§ To do:
Pictures stay out; print the rest of the listing below exactly as it stands.

§ Provided material:
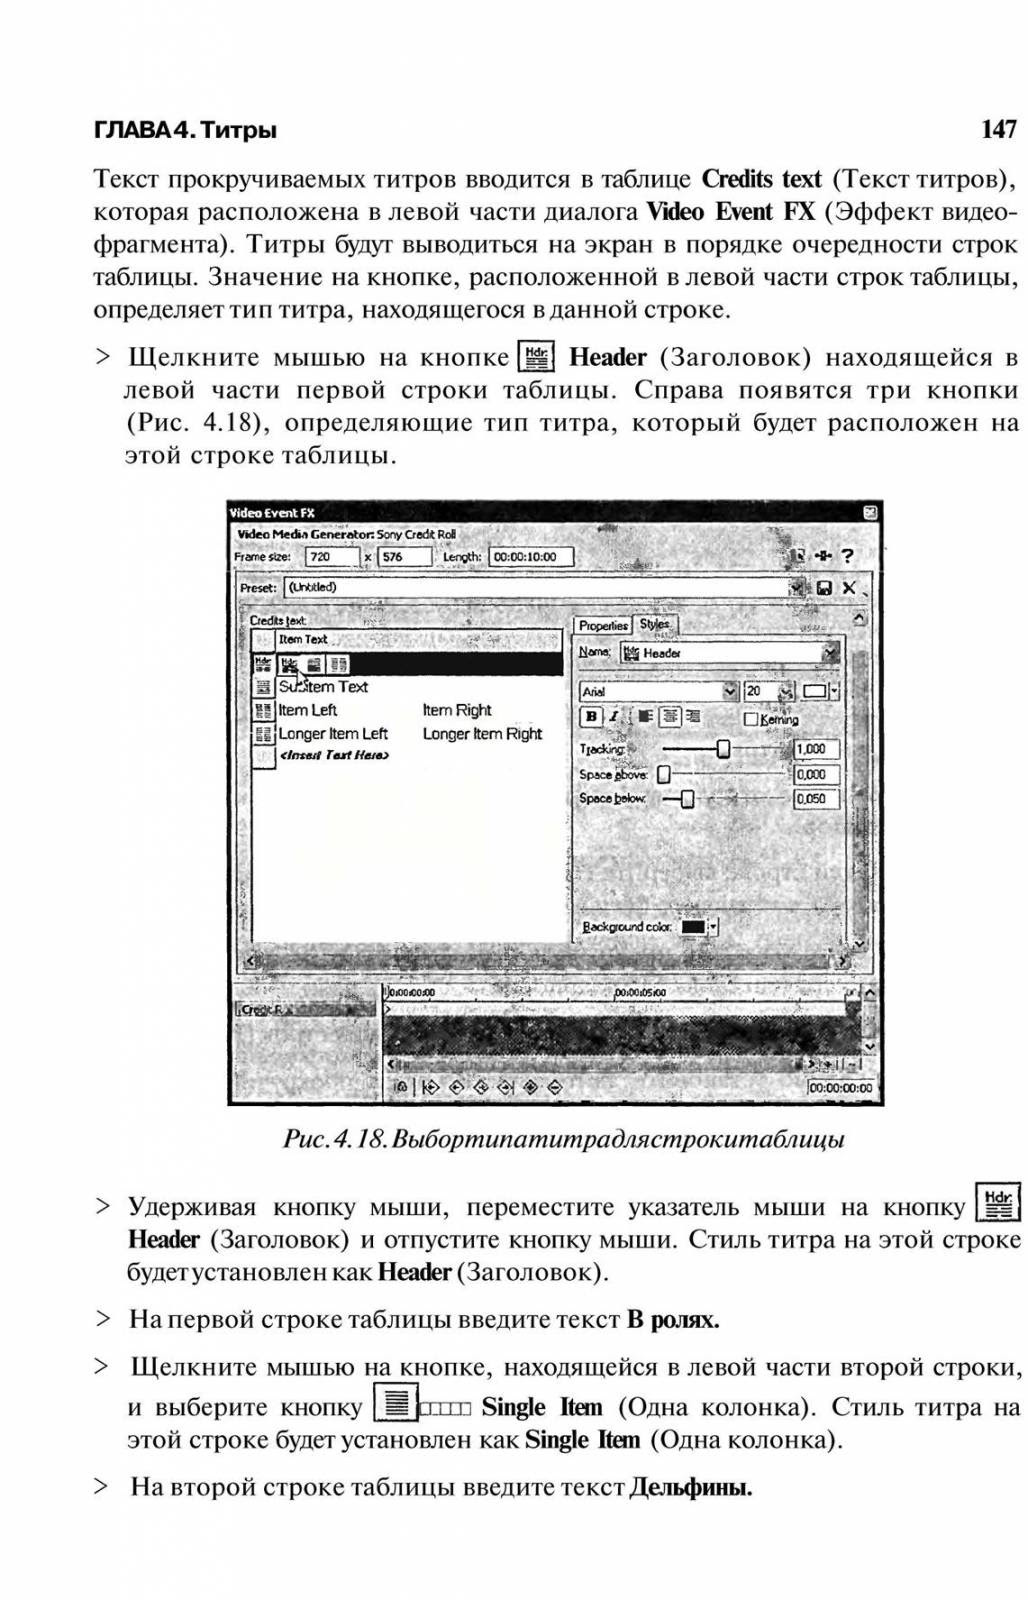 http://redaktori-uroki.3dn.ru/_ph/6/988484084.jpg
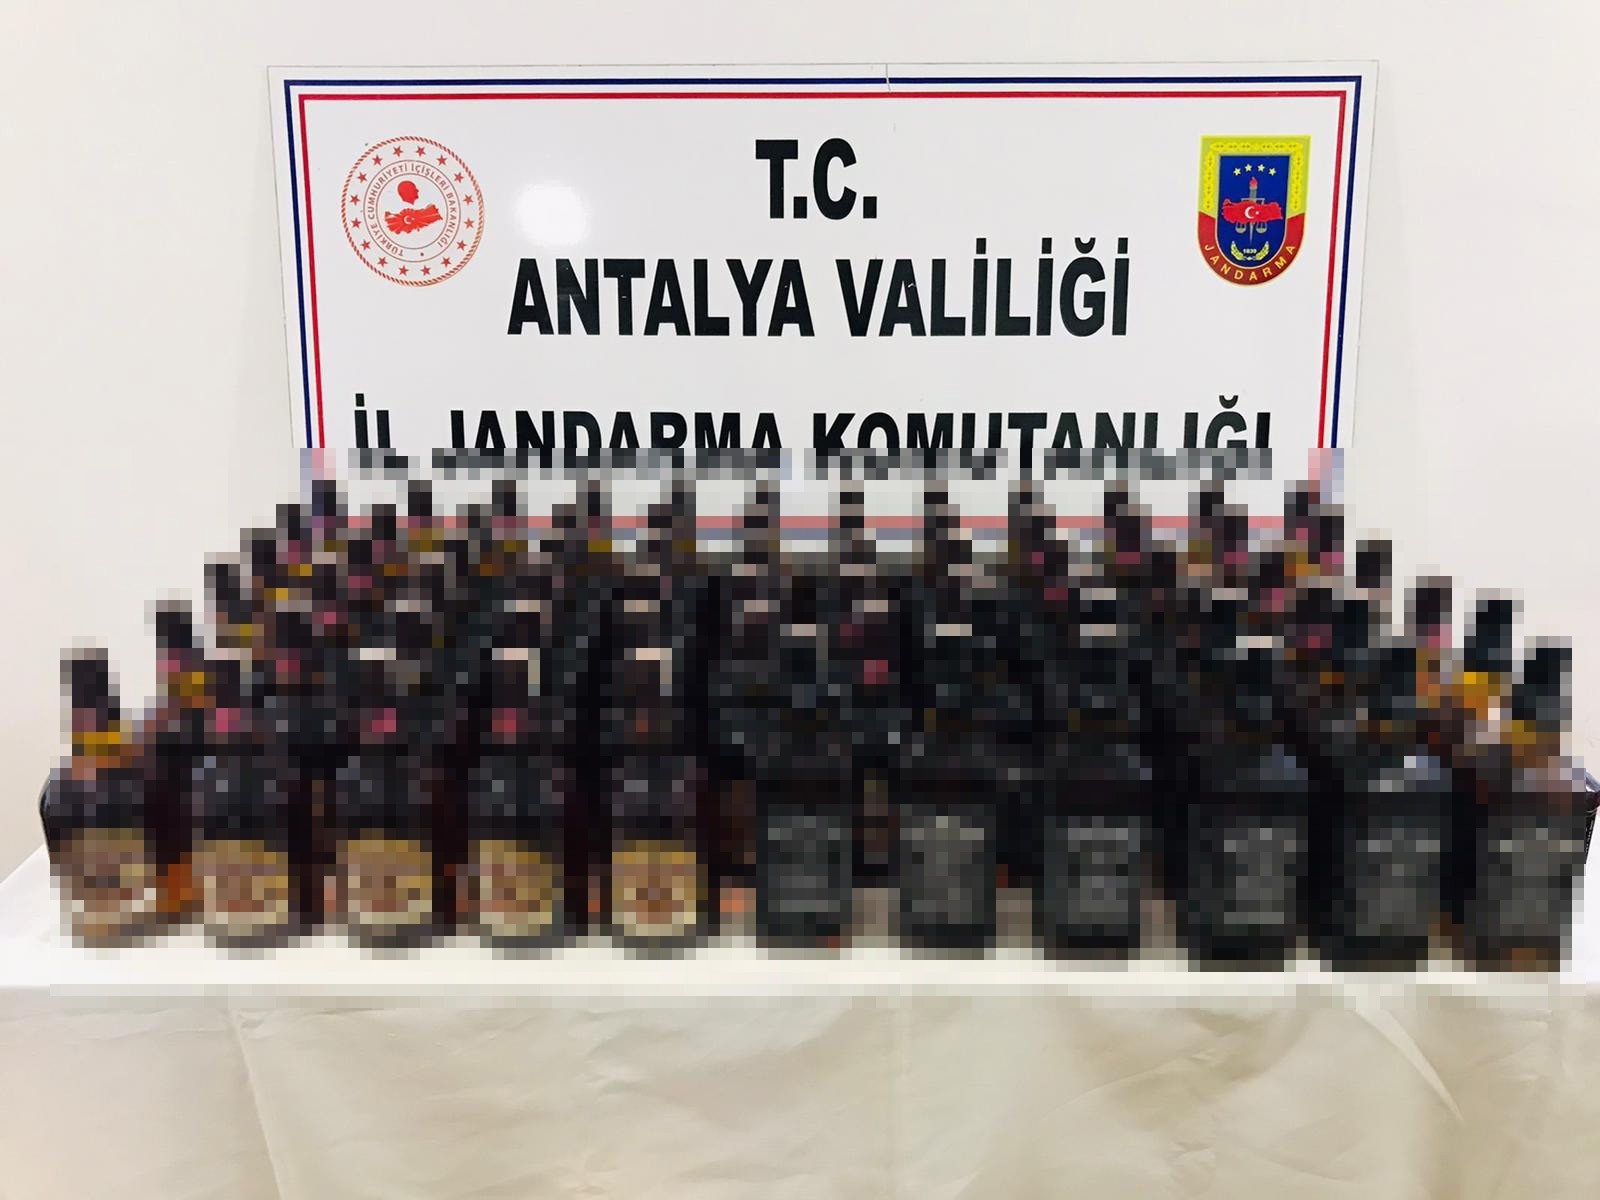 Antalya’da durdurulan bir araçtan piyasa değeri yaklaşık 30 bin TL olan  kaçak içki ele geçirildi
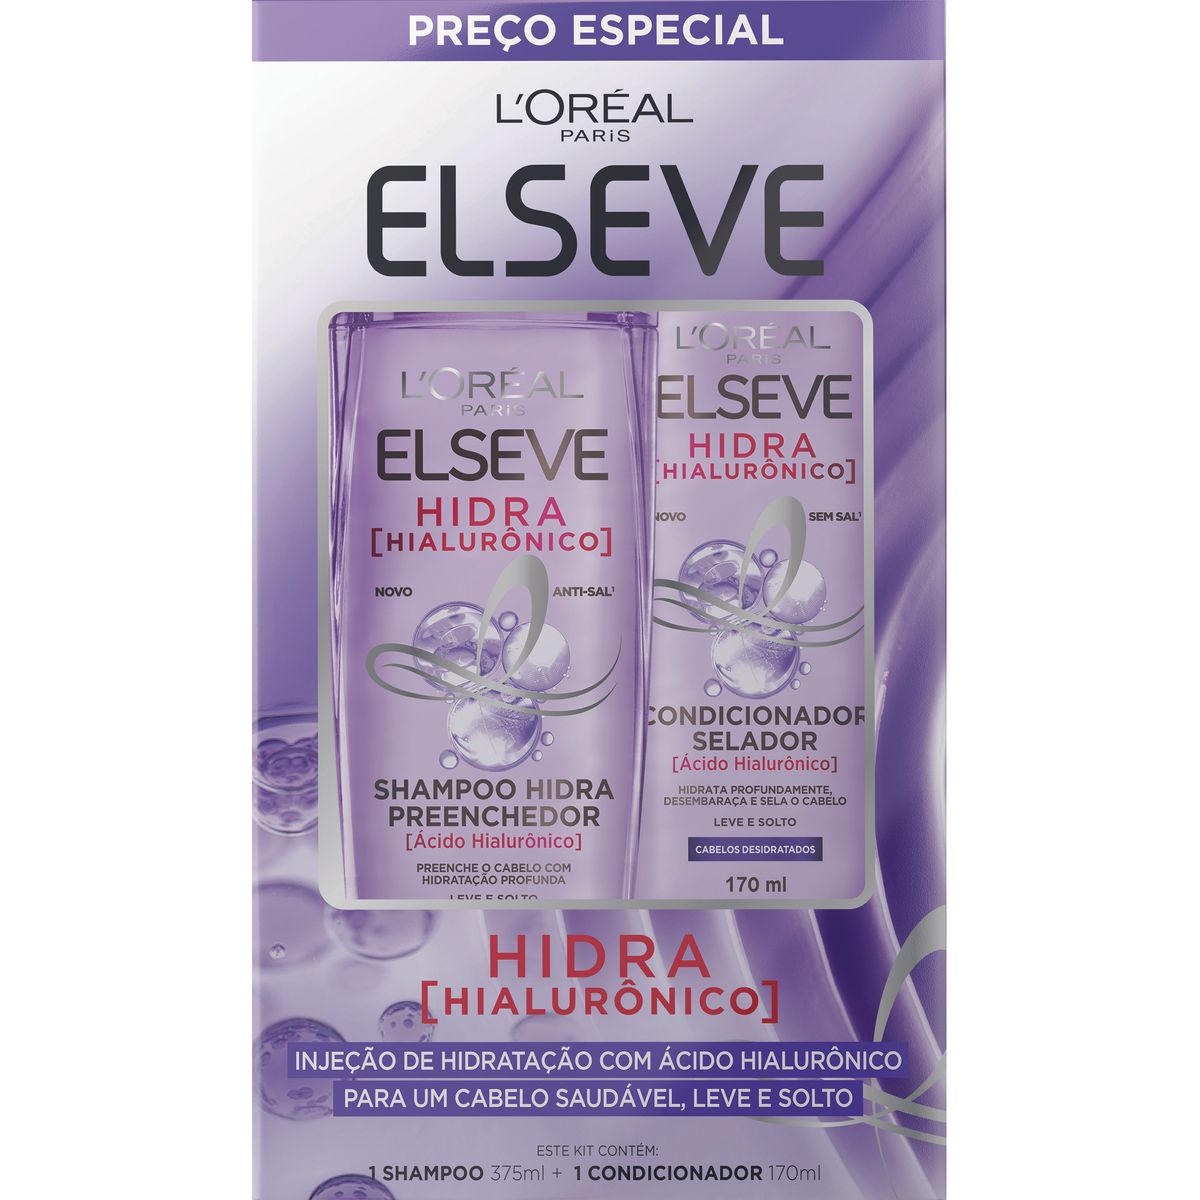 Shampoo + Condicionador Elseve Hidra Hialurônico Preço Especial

§ Response to this exercise:
 http://redaktori-uroki.3dn.ru/_ph/6/988484084.jpg
 Antalya’da durdurulan bir araçtan piyasa değeri yaklaşık 30 bin TL olan  kaçak içki ele geçirildi
 Shampoo + Condicionador Elseve Hidra Hialurônico Preço Especial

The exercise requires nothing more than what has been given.